想到女兒蘇然他就氣不打一處來,恨不得跟她脫離父女關係得了!
他怎麼會有這樣的女兒呢?
不僅與前夫糾纏不清,還替前夫的妻子代孕,最可惡的是為了搶回前夫,不昔將代孕的孩子扼殺掉,唯一的哥哥又為了替她出頭捅人一刀子,落得……
他是再也拉不下老臉去求陸銘煜和裴璟熙了!
最後,女兒蘇然會得到什麼下場他也不想管了,而兒子蘇安的下場,不用想都知道——這個牢是坐定了的。
單從上午裴璟熙對他和妻子的各種羞辱不恥他就知道,裴璟熙心裡一定是恨透了蘇然,才會遷怒蘇安不肯諒解蘇安的。
最讓他氣憤不已的是她竟然把手機關機了?
她的哥哥為了她捅人刀子,現在她母親又為了她,被人氣得病倒了……
「沒有了!」蘇永茂氣憤的說道。
「老先生,現在不是說氣話的時候,家裡還有什麼親人,儘快把他們叫來,好好的商量一下病人的病情,讓病人及時得到救治。」醫生好聲好氣的安撫道。
蘇母的主治醫生姓李,是一位大約五十歲上下的男醫生,面容和善,說話不急不緩,待病人態度很好。
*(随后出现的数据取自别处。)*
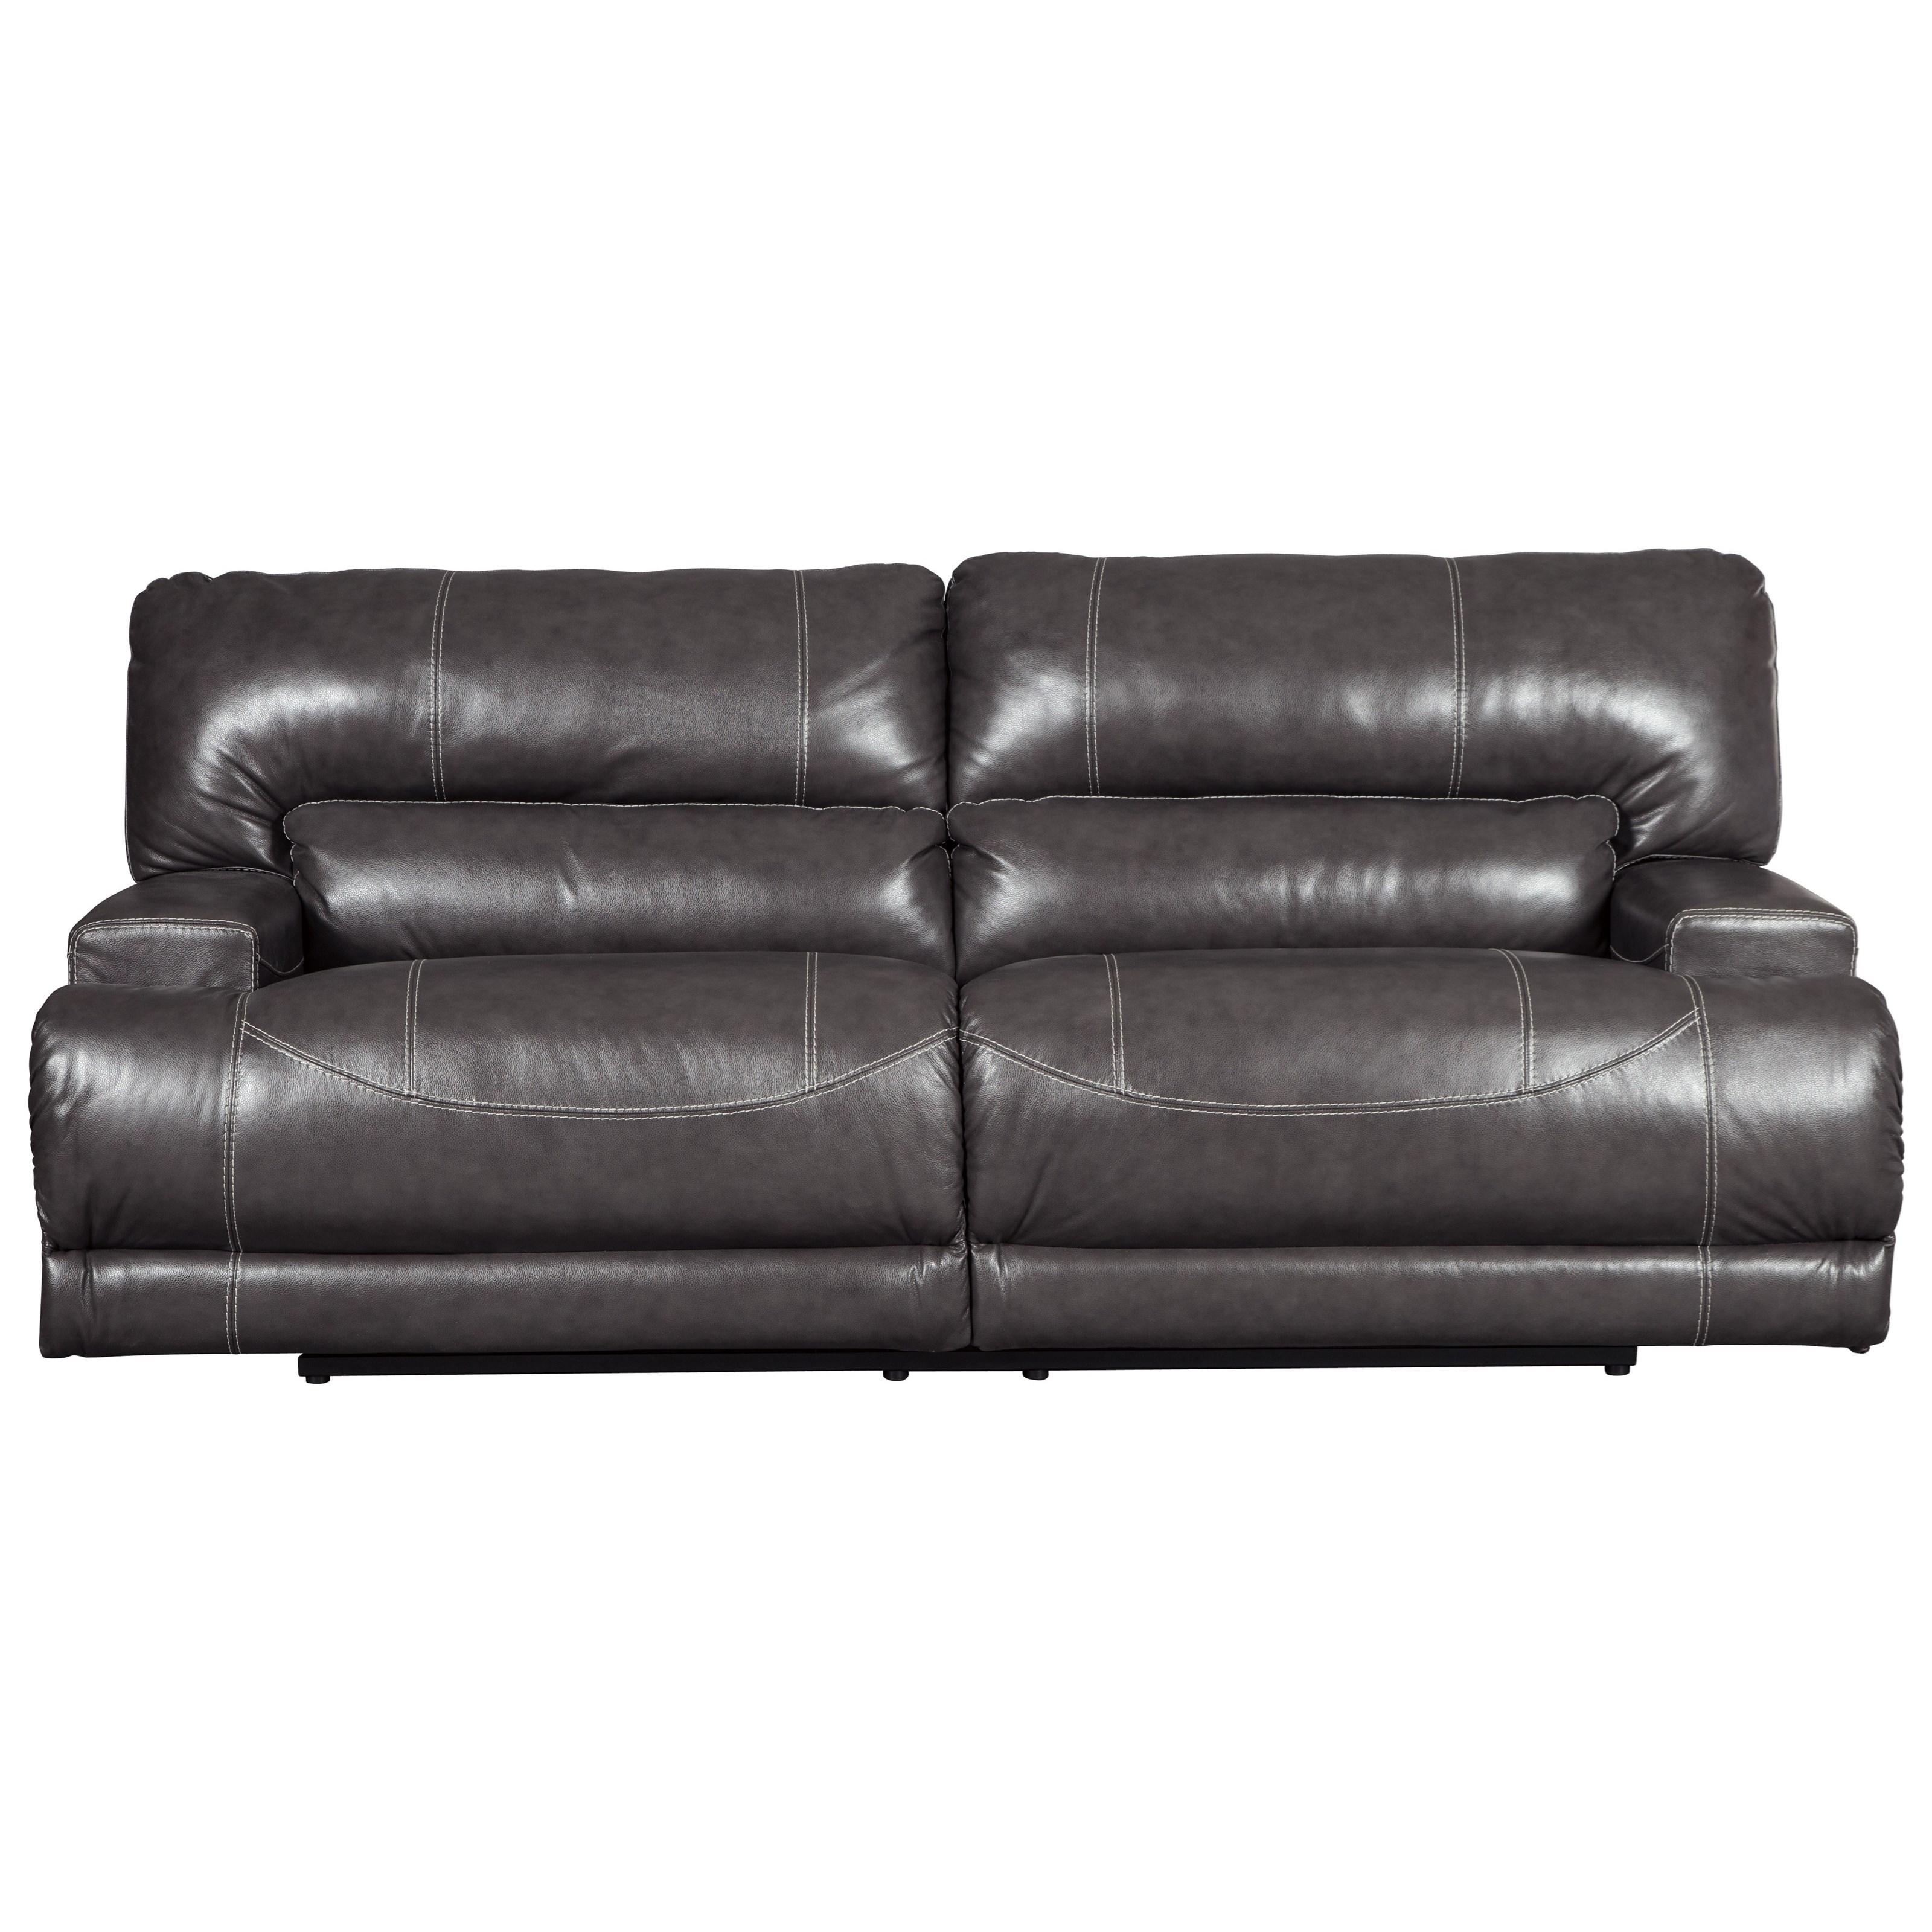 McCaskill 2-Seat Reclining Sofa by Ashley (Signature Design) at Johnny Janosik
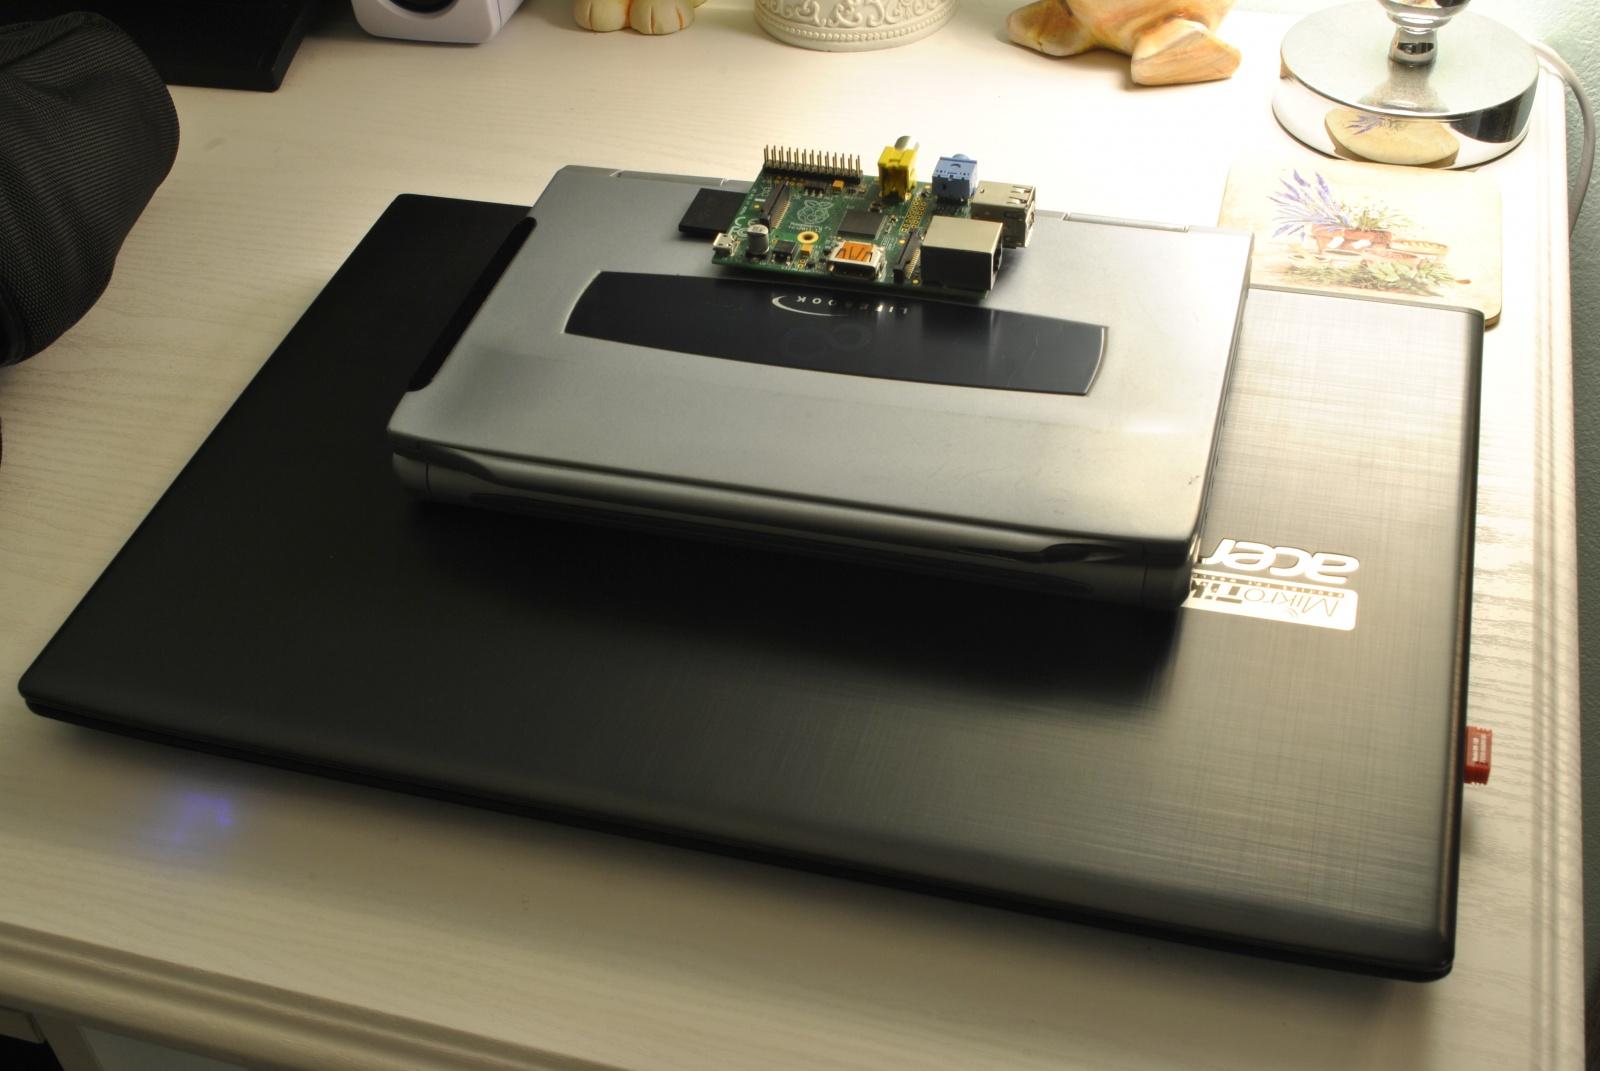 Ультрабук начала 2000-х – обзор Fujitsu LifeBook P-1032 - 3

蘇永茂聽李醫生這麼說,頓時緩了下語氣,看著李醫生苦苦哀求,「李醫生,你就告訴我吧,不管她病成什麼樣,我都能挺得住的。」
李醫生無奈的搖頭,挑眼看向神情堅定,堅持已見的蘇永茂,不急不緩的點頭說道:「那好吧,老先生,你跟我來。」
李醫生說完吩咐護士將蘇母推進普通遍房,然後領著蘇永茂去了他的辦公室,將蘇母的病情詳細告訴了蘇永茂。
而後,蘇永茂直接去了蘇母的病房,安靜的坐在病邊上抽出一根菸,卻只是夾在手指中間沒有點燃,腦子裡不停的迴盪著李醫生的話——
「老先生,如果還有其他親屬,還是把他們都叫來吧!病人得的是突發性腦溢血,這種病治得及時能撿回一條命,後半段頂多就是癱瘓半身不邃,如果救治不及時的話,那麼……」
後面的話,醫生沒往下說,但他也多少能猜到。
癱瘓……
就是這個詞都嚇得他整個人懵糊了,癱瘓的病人他有見過,他甚至腦海裡都浮現出了以後自己老婆坐在輪椅上度過殘生的情景……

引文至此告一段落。